Bij het oordeel over de redelijkheid van de lengte van de termijn die aan de schuldenaar voor nakoming wordt gegeven wordt de tijd betrokken die de schuldenaar vóór de aanmaning heeft gehad om zich voor te bereiden. Het de schuldenaar niet vrij om te wachten met de voorbereidende handelingen tot hij aangemaand wordt. Dit betekent dat termijnen die eerder zijn gesteld en het eerder door de schuldeiser sommeren van de schuldenaar, van belang kunnen zijn bij de beoordeling of de gestelde termijn redelijk is. Dat de schuldeiser voorafgaand aan de aanmaning termijnen heeft gesteld of de schuldenaar heeft gesommeerd, kan meebrengen dat de in de aanmaning gestelde termijn korter mag zijn dan wanneer de schuldenaar niet al eerder een termijn was gesteld of gesommeerd. Ook als de schuldenaar zelf verwachtingen heeft gewekt, speelt dat mee.
De Hoge Raad vernietigt de uitspraak van het hof.
Tot slot
Wat ik mij bij het lezen van deze uitspraak dan afvraag is waarom Alukon zo laks heeft gereageerd. Fraanje is kennelijk een partij die de termijnen heel strak in de gaten houdt. De planning was niets nieuws, want die hebben partijen eerder al besproken. Ik heb zo het vermoeden dat als deze partijen in gesprek waren gebleven en Alukon duidelijk was geweest over eventuele tegenslagen en wat voor hen wel haalbaar was, dit niet tot aan de Hoge Raad had hoeven worden uitgevochten. (Dat was dan overigens wel weer jammer geweest voor de juristen onder ons.)

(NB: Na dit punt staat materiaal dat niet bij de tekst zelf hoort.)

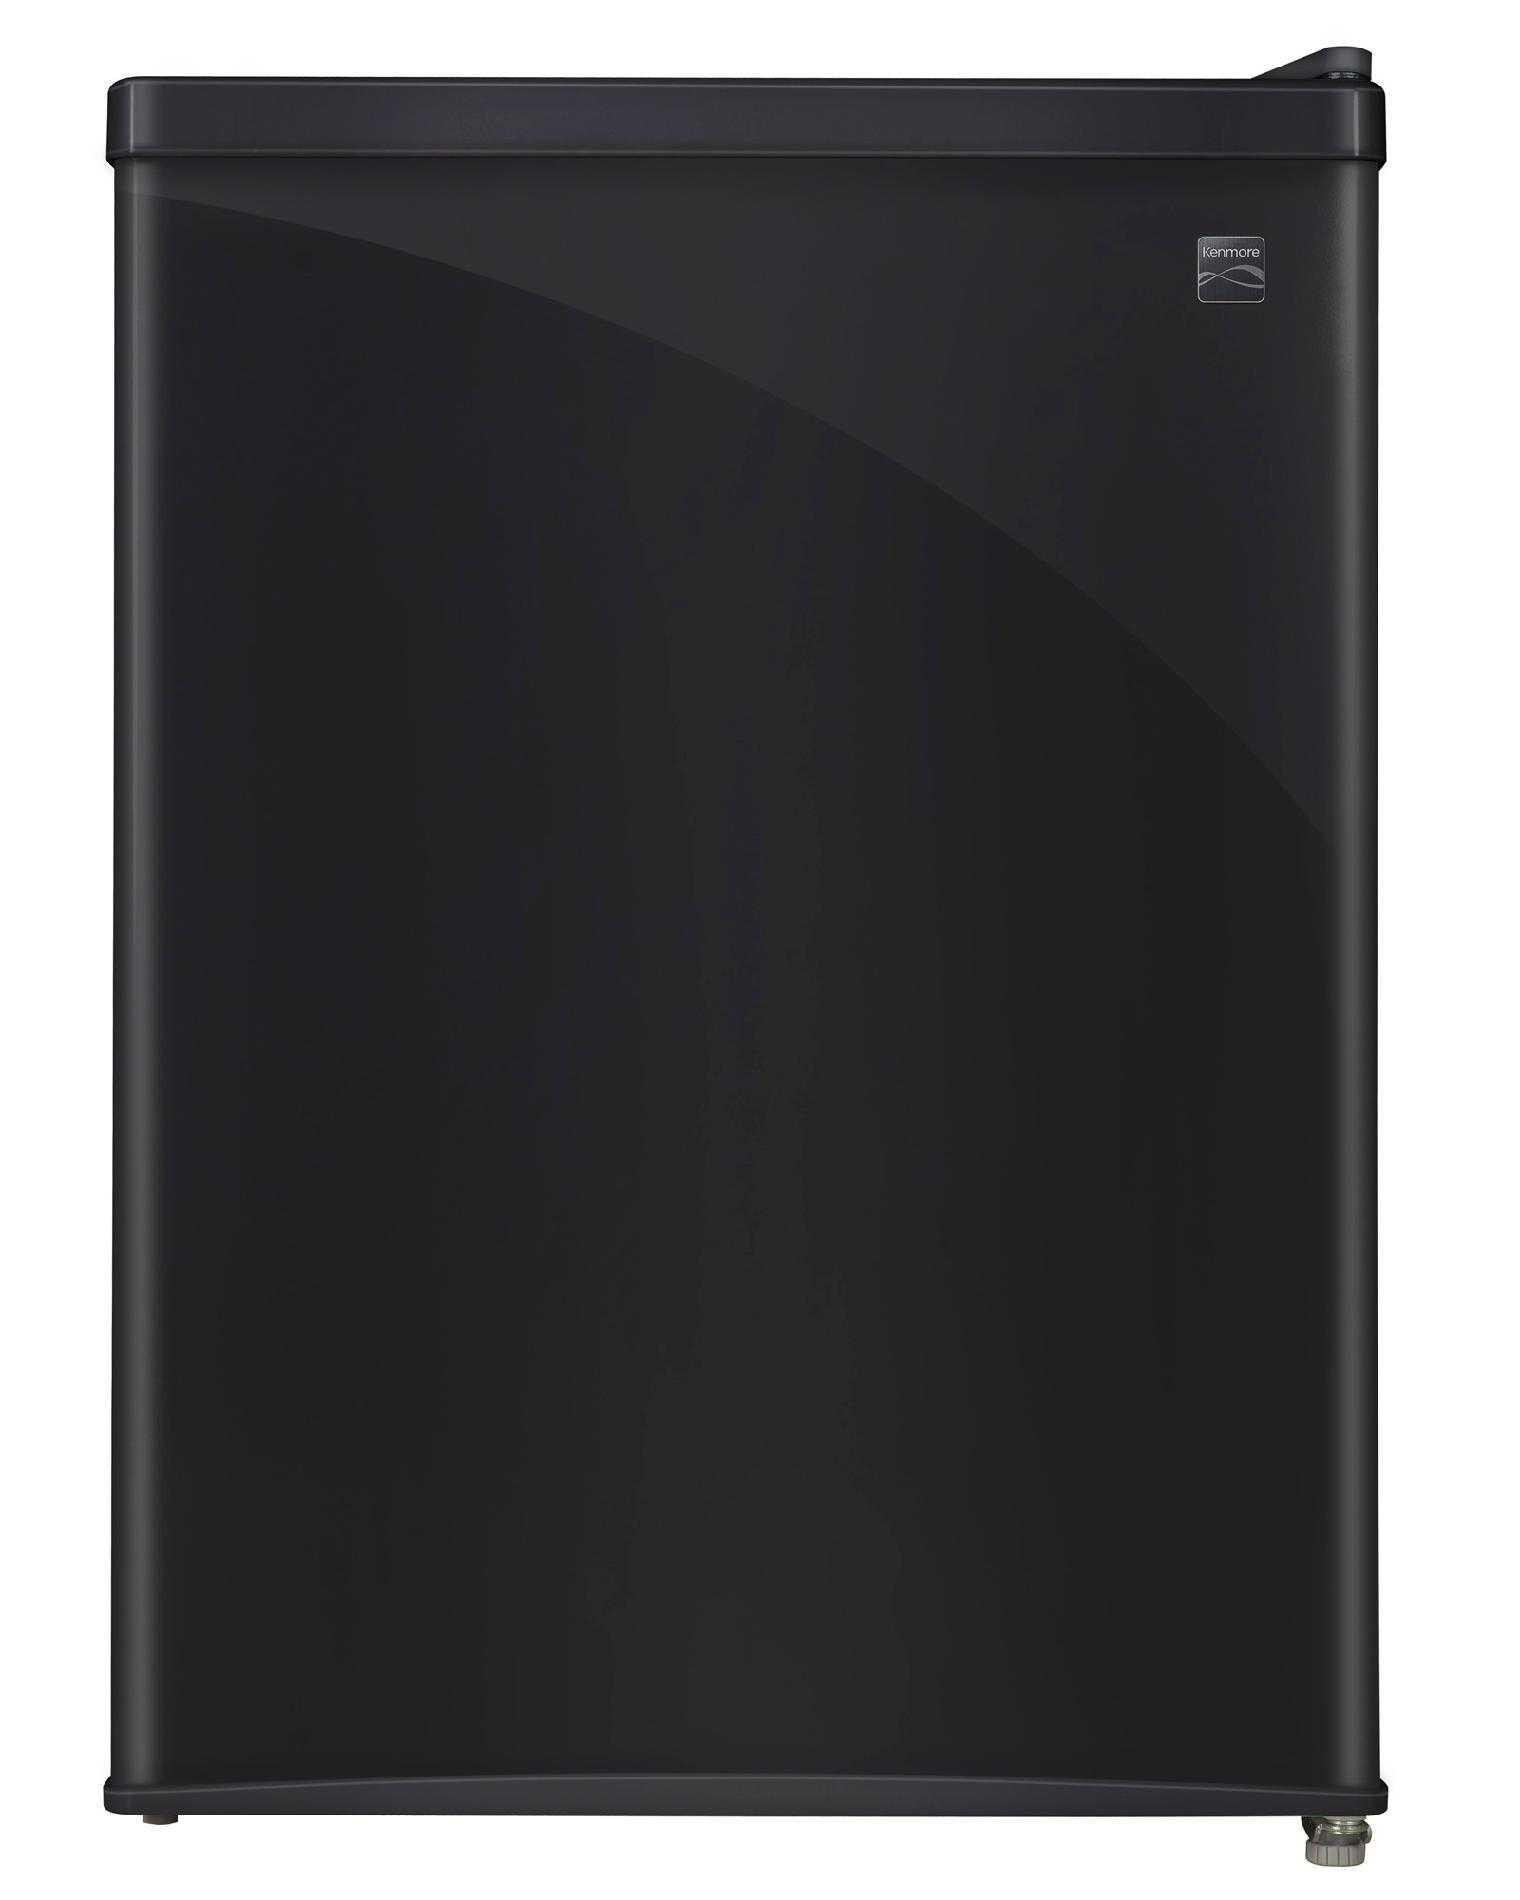 Kenmore 2.4 cu. ft. Compact Refrigerator - Black

Hoewel deze uitspraak van de Hoge Raad de wettelijke regels omtrent ingebrekestelling wat minder strak toepast dan de lagere rechtspraak, pleit ik er wel voor om zorgvuldig te blijven handelen in het geval dat een ingebrekestelling of zelfs een ontbinding nodig is. Hoe zorgvuldiger die procedure wordt uitgevoerd, hoe kleiner de kans dat het conflict bij de rechtbank moet worden uitgevochten. En dat lijkt me heel wat waard.